If Coloradans do not want "the stoner state" to become the state's defining moniker — and they definitely should not, because there is a whole lot more going on here - the state needs to get this right, in a way it did not with medical marijuana.
The Denver Post, Jan. 28, on Colorado gun owners being charged with a fee for background checks:
The debate over the Second Amendment right to bear arms often seems to include a presumption — at least on the part of some advocates — that it is a right that should be unfettered.
Even a casual reading of the gun-friendly opinions that have come out of the U.S. Supreme Court in recent years shows that is clearly not how justices see it, even the most conservative on the bench.
With these opinions and others in mind, the Colorado legislature would be acting responsibly to impose a modest background check fee on potential gun buyers to defray the costs of the work.
Such a fee could not be a money-maker. It would have to only cover the cost of the work itself.
Given the backlog that exists currently, and the potential that Congress or state lawmakers may approve "universal" checks, which would increase the workload, Colorado lawmakers would be wise to pass a user fee.
The alternatives are longer wait times for a buyer to clear checks, or taking money away from other budget priorities, such as education, to beef up the staff that conducts such checks.

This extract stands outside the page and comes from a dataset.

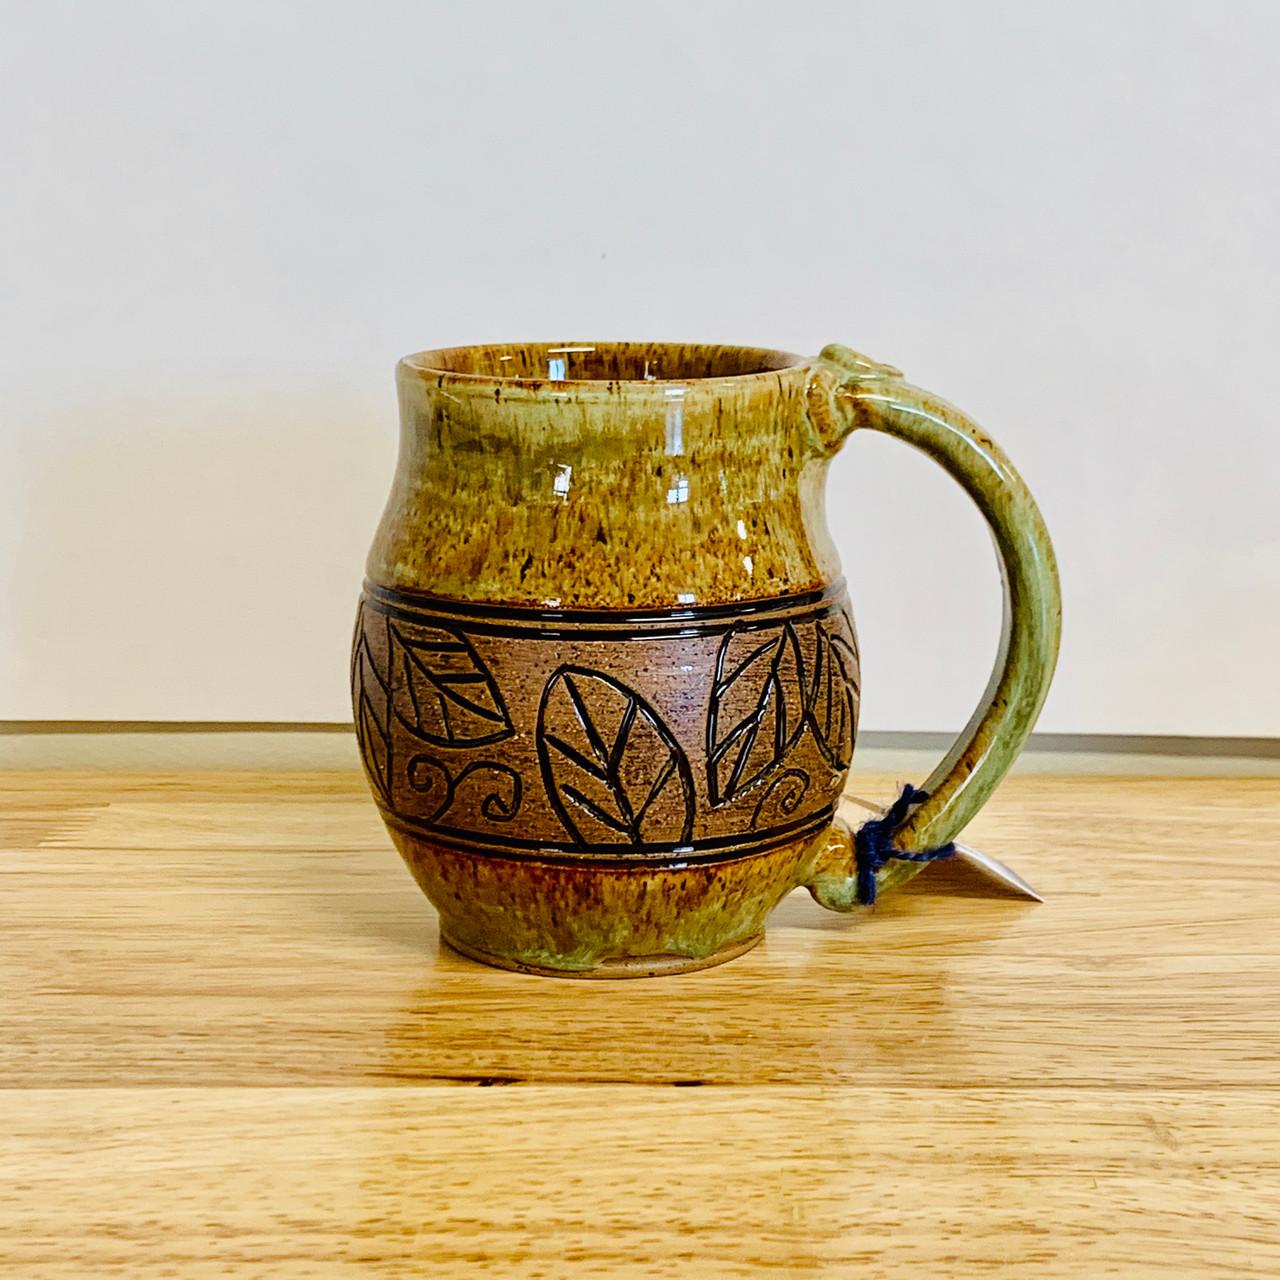 Pottery Mug With A Saying Carved Leaf Band Green 14 Oz Giftedpottery Com

Some opponents of such a fee argue that it's not legal to charge people who are exercising a constitutional right. Or that a simpler way of reducing costs is to eliminate the state level system, InstaCheck, which they say is duplicative.
First, we'll address the InstaCheck argument. It's true that there is overlap between the federal check and the state level check, but InstaCheck includes important databases that the federal check does not.
In 1999, the Colorado legislature allowed InstaCheck to sunset. Shortly thereafter, Simon Gonzales bought a handgun and used it to kill his three daughters and engage in a shootout with Castle Rock police.
Gonzales had a restraining order against him, filed by his wife, that InstaCheck would have caught and prevented him from purchasing a gun. This case is a tragic reminder of the need for checks at both levels.
As to the other argument, that it is illegal to attach a fee to activity protected in the constitution, the courts have, at least thus far, disagreed.
Last year, a federal court upheld New York City's $340 handgun licensing fee, saying it was designed to cover administrative costs for the three-year permit. While government cannot tax a constitutionally protected activity, it can charge a fee to offset costs associated with regulating such activity, the court ruled.
And let's keep in mind the actual cost. Conducting a background check in Colorado, as opposed to New York's extensive permitting process, wouldn't be as pricey. The Colorado Department of Public Safety has estimated the cost at $10 to $12.
Charging a modest fee would be a prudent move that would allow background checks to be conducted in a timely fashion without siphoning resources from other state priorities.